When prejudices are based on nonsense they are easy enough to erode but the problem is that many of the prejudices about the Roma are not based on misinformation but come from people noticing patterns that exist. This doesn't mean that discrimination against blameless individuals is wrong but the existence of cultural traits that are destructive and unpleasant to the majority population. These include Romany attitudes to things like stealing from outsiders and violence. This article- by an almost cluelessly right on liberal offers many examples:

The following day, while chatting with a group of Gypsies in the small Transylvanian village of Dealu Frumos, I get an insight into a side of the Roma that I have been constantly warned about but have not yet encountered. A young man and his friends are telling me about tsigani de casatsi—house Gypsies—"bad ones, who don't work on the land like us but just steal for a living." Without warning, he wrenches my notebook from my hands and shoves me against the car. I am punched in the kidneys, and my arm is twisted behind me. A blade is held to the side of my neck, and suddenly I am surrounded by roaring Gypsies, maybe 30 of them, more appearing every few seconds from the surrounding houses. My translator, Mihai, is punched in the head. "Money! Money! Money!" his tormentors bellow. I am allowed into the car to retrieve my bag, but Mihai is kept outside, a hostage to my ransom. I offer all the money from my wallet, and Mihai pulls free and throws himself into the back seat. As we drive off, we do an inventory of our injuries. Apart from bruises and shock, my main injury is to my hitherto benign image of the Roma as a wronged and misunderstood people.
That reporter went to Eastern Europe had clearly intended to write an article about how gypsies are persecuted by bigoted Slovakians and Romanians- but when behaviour like that is widespread in a community then someone who refused to prejudge Roma might be admirable but would also put themselves at unnecessary danger.

In other words the only way prejudice against the group will stop is if there is a clamp down on anti-social behaviour within the group.

6 comments:

JuliaM said...

Oh, that's almost as delicious as the time George Monbiot joined the hippie protest & was relieved of his belongings! :)

James Higham said...

Are we now Romaphobes?

Ross said...

JUlia- Yes! I'd forgotten about that classic moment.

Furor Teutonicus said...

XX most famously they were one of the groups targeted for extermination by Hitler in the Holocaust.
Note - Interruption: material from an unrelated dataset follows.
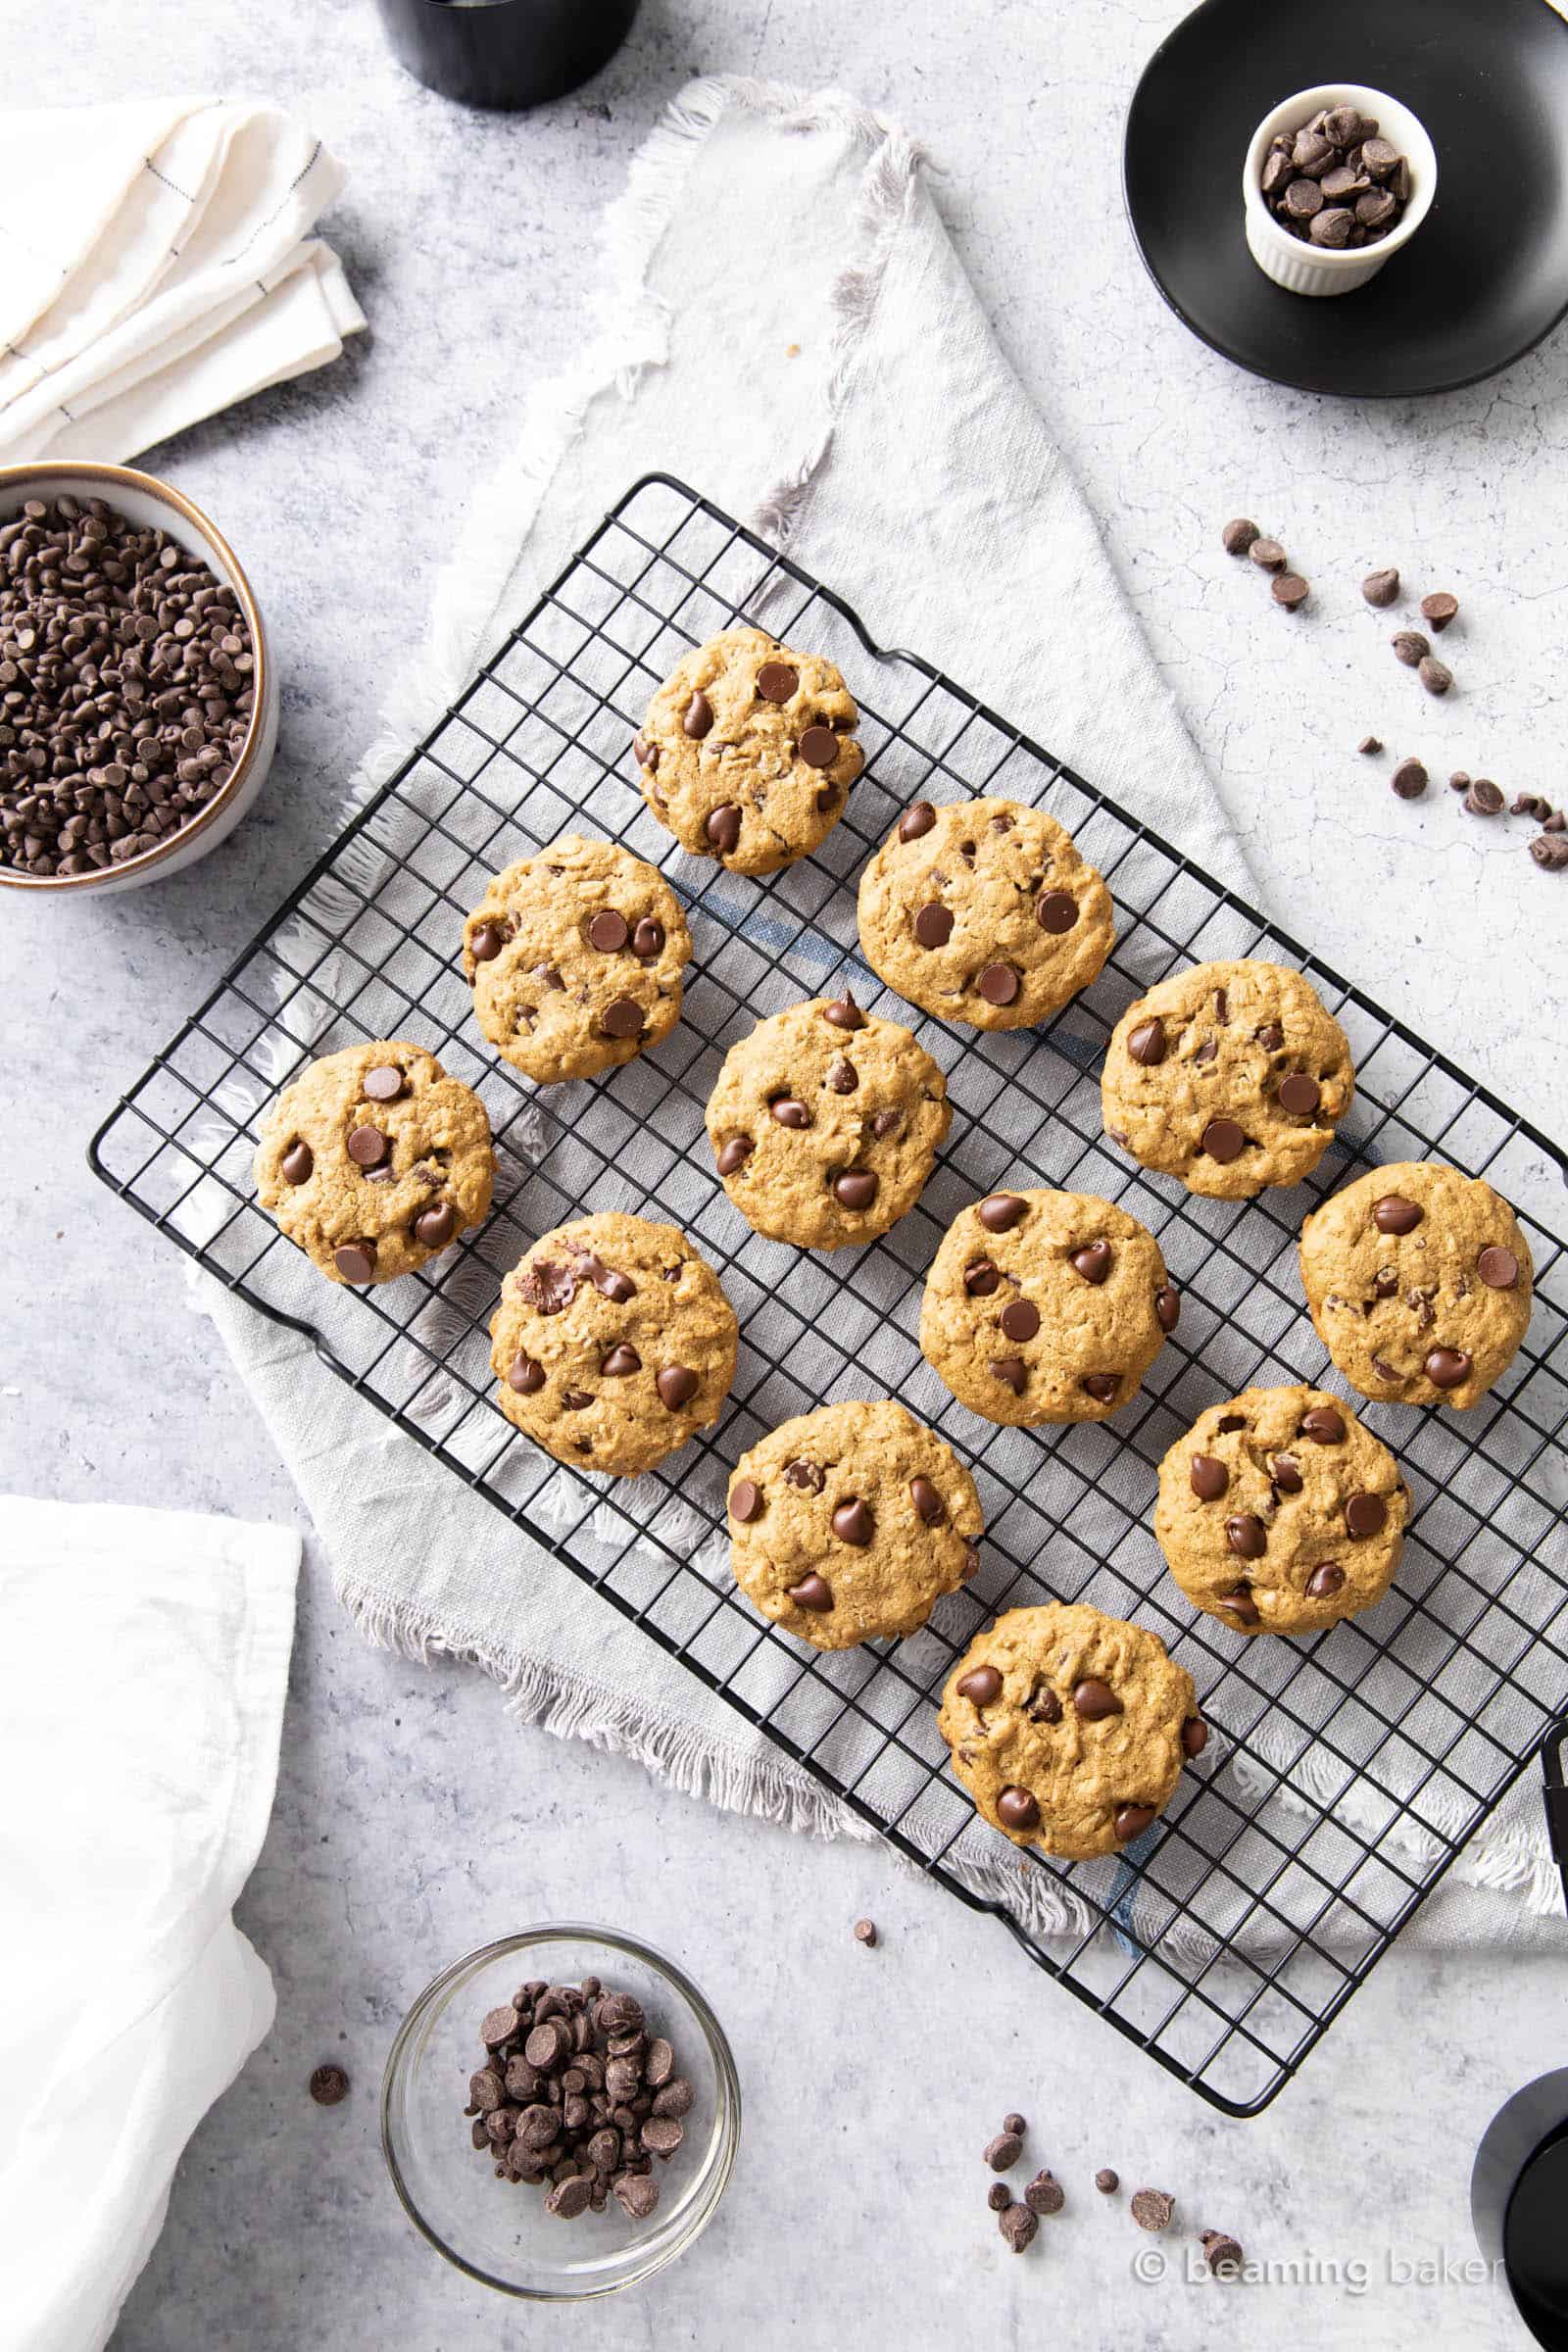 fresh baked oat flour cookies with chocolate chips in bowls and kitchen towels

XX

The solution MAY have been questionable, but the reasons were and remain, as YOU in the U.K are now finding out, and we here, in "Eastern Europe," have known for centuries, entirely plausible.

Anonymous said...

"But historically their skill has been to survive among a great diversity of hosts, among those always more powerful and entitled than themselves, enduring both the fist of hostility and the bear hug of forced assimilation by remaining nomads of the spirit."

Oh pass me an onion for my eye. It seems the author learned nothing by the experience.

If we're the hosts, does that make them the parasites ?

Ross said...

"It seems the author learned nothing by the experience"

I originally saw the article when someone linked to it as an example of how the MSM can tell the truth about gypsies providing that they demonstrate that they've learned nothing.